Content is partially adapted from the [Software Carpentries Machine learning lesson](https://carpentries-incubator.github.io/machine-learning-novice-sklearn/index.html) and [here](https://github.com/christianversloot/machine-learning-articles/blob/main/performing-dbscan-clustering-with-python-and-scikit-learn.md).

**Questions:**
- How can we use clustering to find data points with similar attributes?

**Objectives:**
- Identify clusters in data using **k-means** clustering, **DB-scan** and **spectral clustering**. 
- See the limitations of k-means when clusters overlap.
- Use spectral clustering to overcome the limitations of k-means.

**Jupyter cheat sheet**:
- to run the currently highlighted cell, hold <kbd>&#x21E7; Shift</kbd> and press <kbd>&#x23ce; Enter</kbd>;
- to get help for a specific function, place the cursor within the function's brackets, hold <kbd>&#x21E7; Shift</kbd>, and press <kbd>&#x21E5; Tab</kbd>;

## Google Colab installs

Please only run this if you are working on this notebook via Google Colab

In [None]:
# NBVAL_SKIP
# copy over data repository
!if [ -n "$COLAB_GPU" ]; then git clone https://github.com/MDAnalysis/WorkshopMDMLEdinburgh2022.git; fi
!if [ -n "$COLAB_GPU" ]; then cp -r WorkshopMDMLEdinburgh2022/ML/data .; fi

## 1. Introduction

Clustering is the grouping of data points which are similar to each other. It can be a powerful technique for identifying patterns in data. Clustering analysis does not usually require any training and is known as an *unsupervised learning* technique. The lack of a need for training means it can be applied quickly. Application of clustering are:
- Looking for trends in data
- Data compression, all data clustering around a point can be reduced to just that point. For example, reducing colour depth of an image.
- Pattern recognition

## 2. K-means Clustering

K-means is a simple clustering algorithm that tries to identify the centre of each cluster. It does this by searching for a point which minimises the distance between the centre and all the points in the cluster. The algorithm needs to be told **how many clusters** to look for, but a common technique is to try different numbers of clusters and combine it with other tests to decide on the number.
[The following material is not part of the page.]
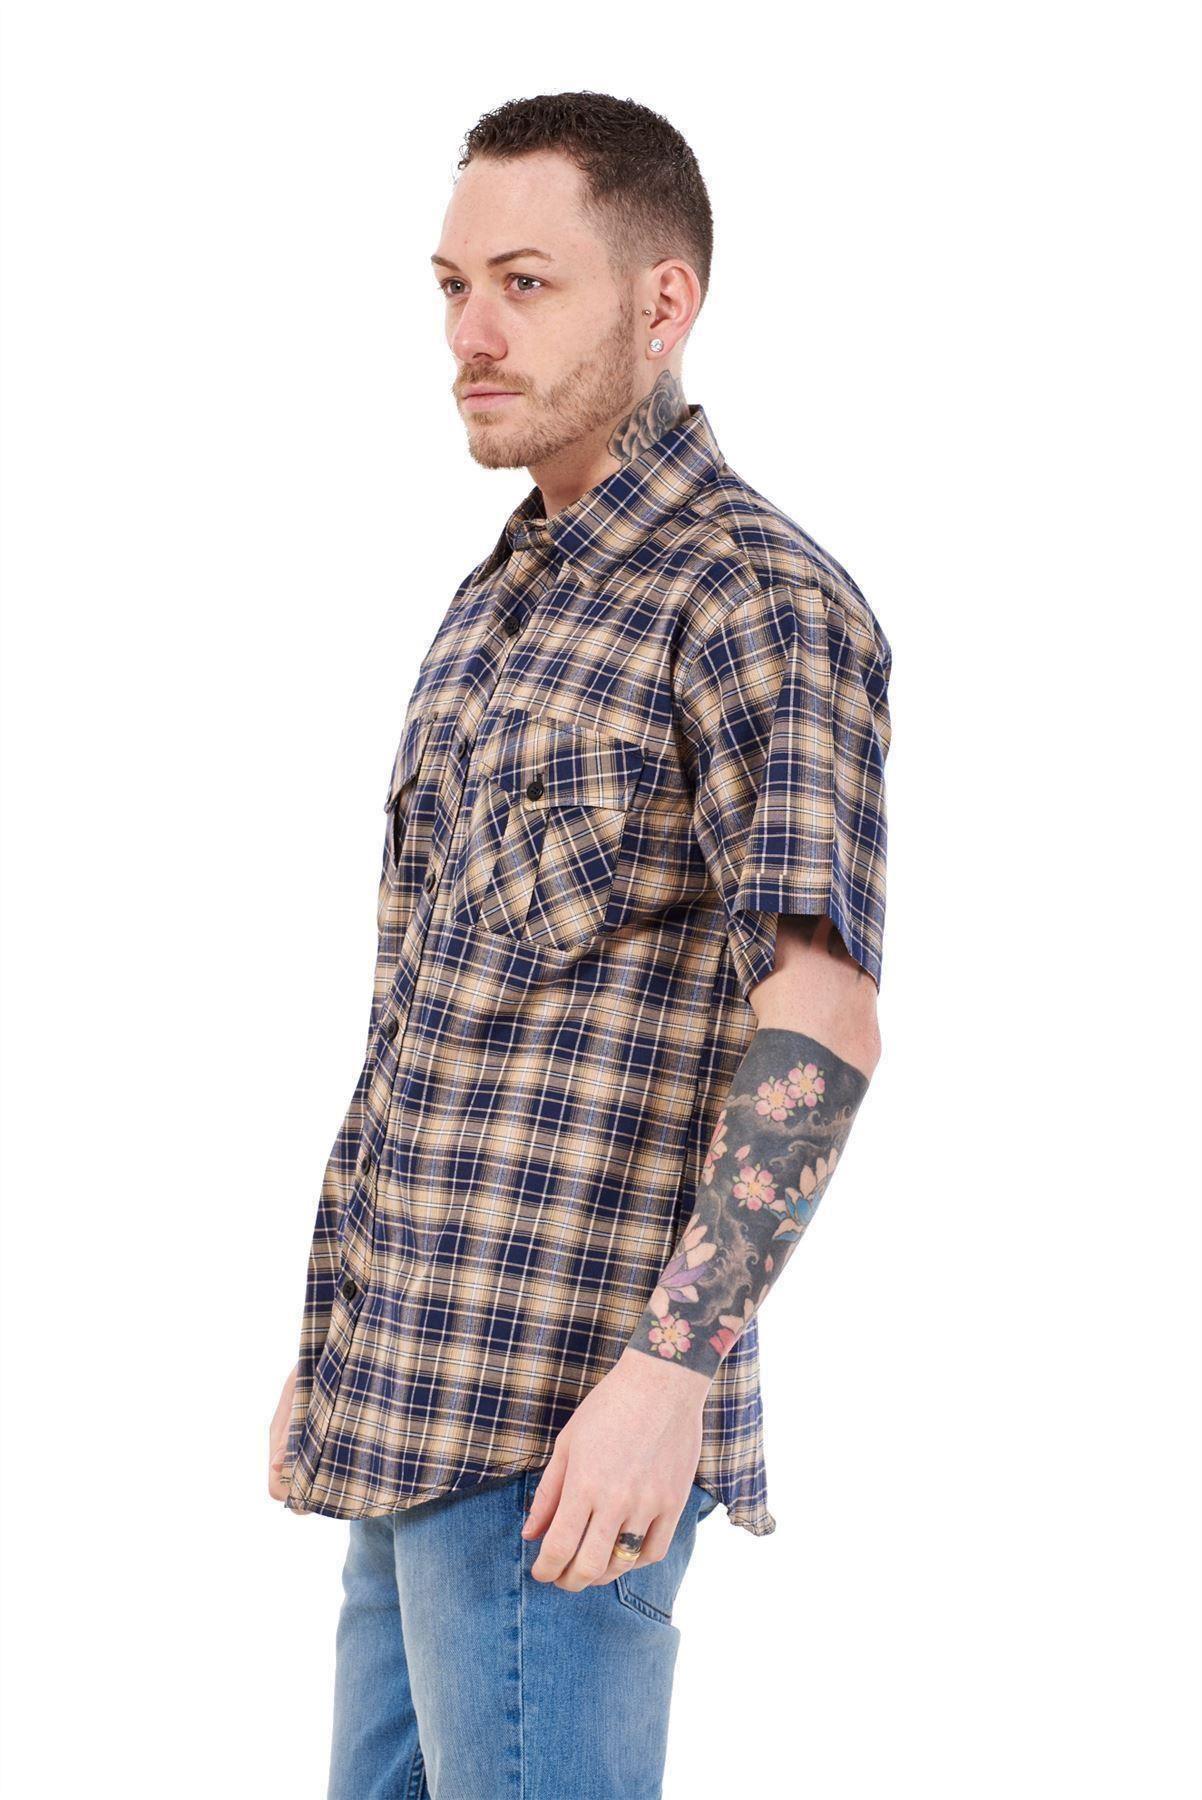 Mens-Regular-Big-Size-Shirts-Checked-Cotton-Blend-Casual-Short-Sleeve-Blue-M-5XL thumbnail 13
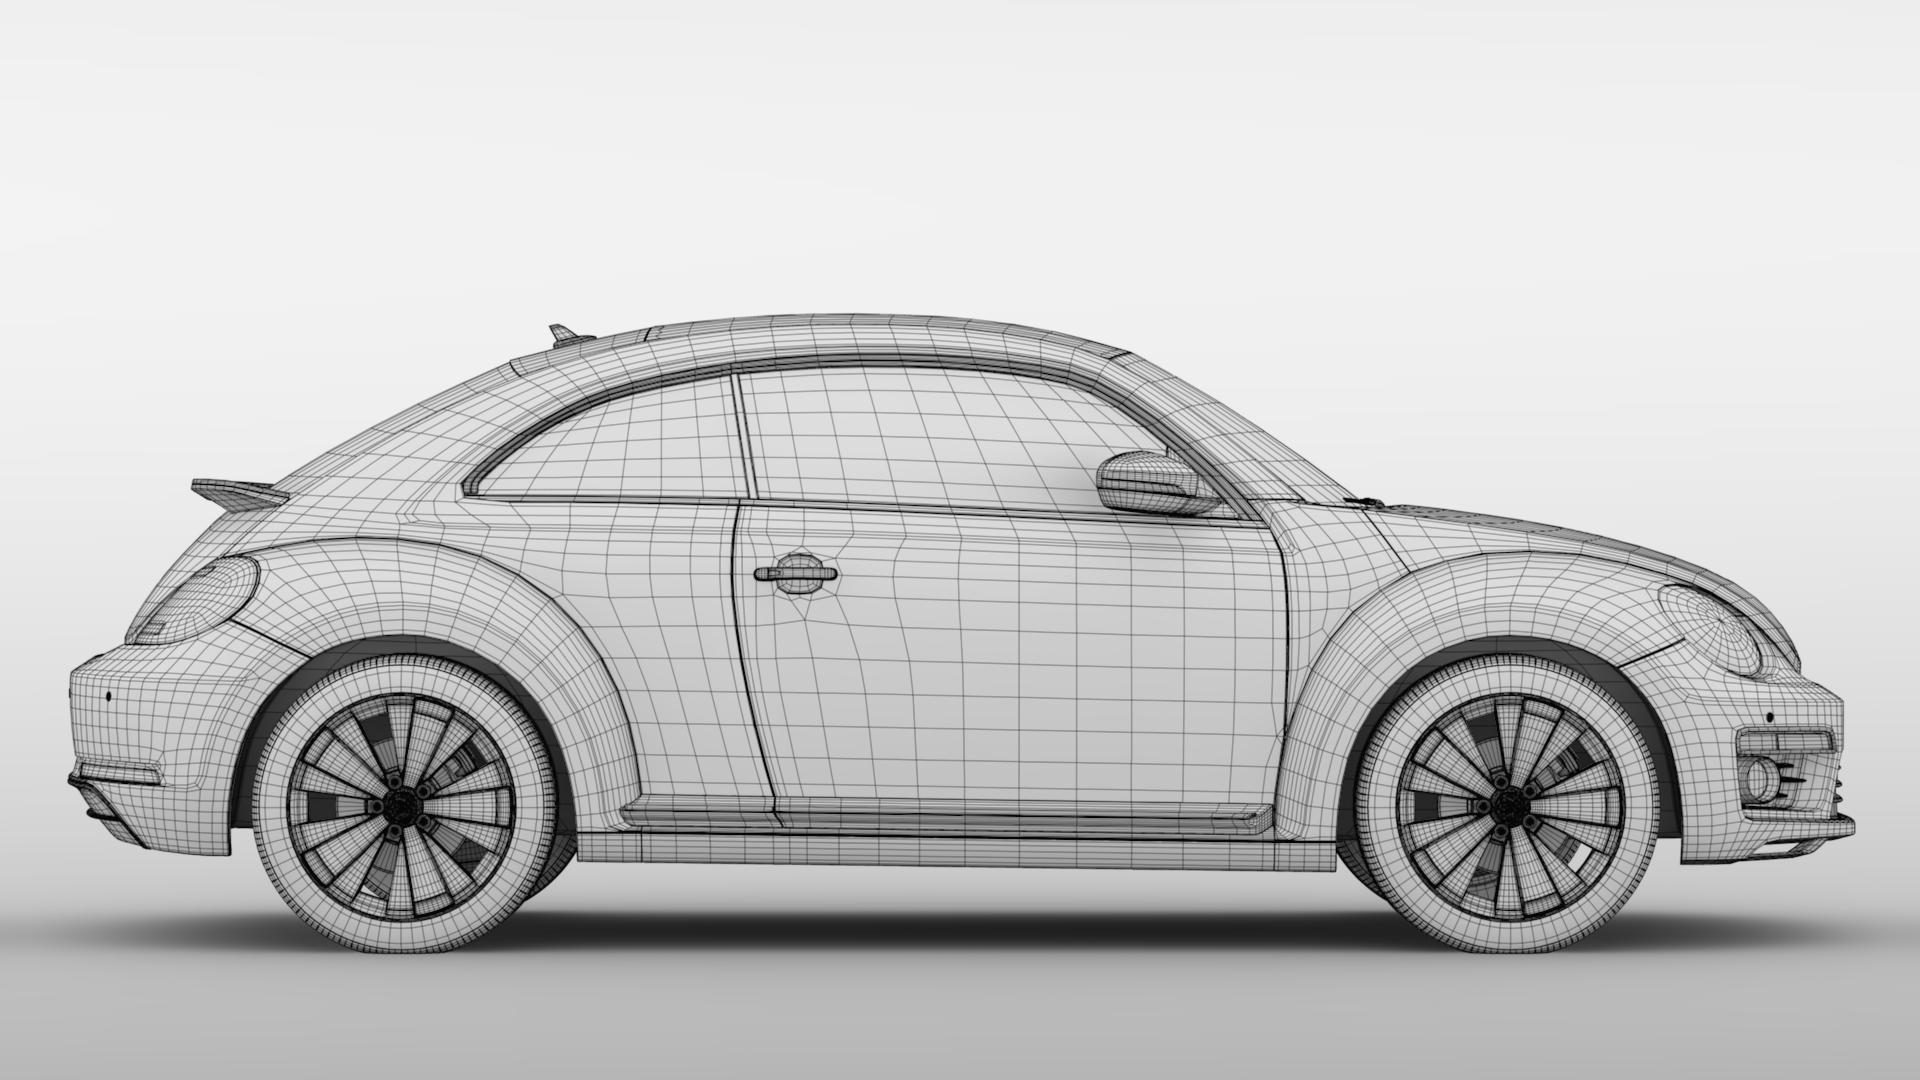 vw beetle 2017 3d model 3ds max fbx c4d lwo ma mb hrc xsi obj 221582

To perform a [K-means](https://scikit-learn.org/stable/modules/generated/sklearn.cluster.KMeans.html) clustering with Scikit-learn, we first need to import the `sklearn.cluster` module.

In [None]:
import sklearn.cluster as skl_cluster
import numpy as np

### 2.1. Creating the data

For this example, we will use scikit-learn’s built in random data blob generator instead of using an external dataset. For this we will also need the `sklearn.datasets.samples_generator` module.

In [None]:
import sklearn.datasets as skl_datasets

Now let’s create some random blobs using the `make_blobs` function. The `n_samples` argument sets how many points we want to use in all of our blobs. `cluster_std` sets the standard deviation of the points, the smaller this value the closer together they will be. `centers` sets the desired number of clusters. `random_state` is the initial state of the random number generator, by specifying its value we will get the same results every time we run the program. If we do not specify a random state, then we will get different points every time we run. This function returns two things: an array of data points and a list of which cluster each point belongs to.

In [None]:
data, cluster_id = skl_datasets.make_blobs(n_samples=400, cluster_std=0.75, centers=4, random_state=1)

### 2.2. Plotting and Clustering the data

We have now created the data, let's have a look at what `make_blobs` gave us!

In [None]:
np.shape(data)

In [None]:
import matplotlib.pyplot as plt
plt.scatter(data[:, 0], data[:, 1], s=5, linewidth=0)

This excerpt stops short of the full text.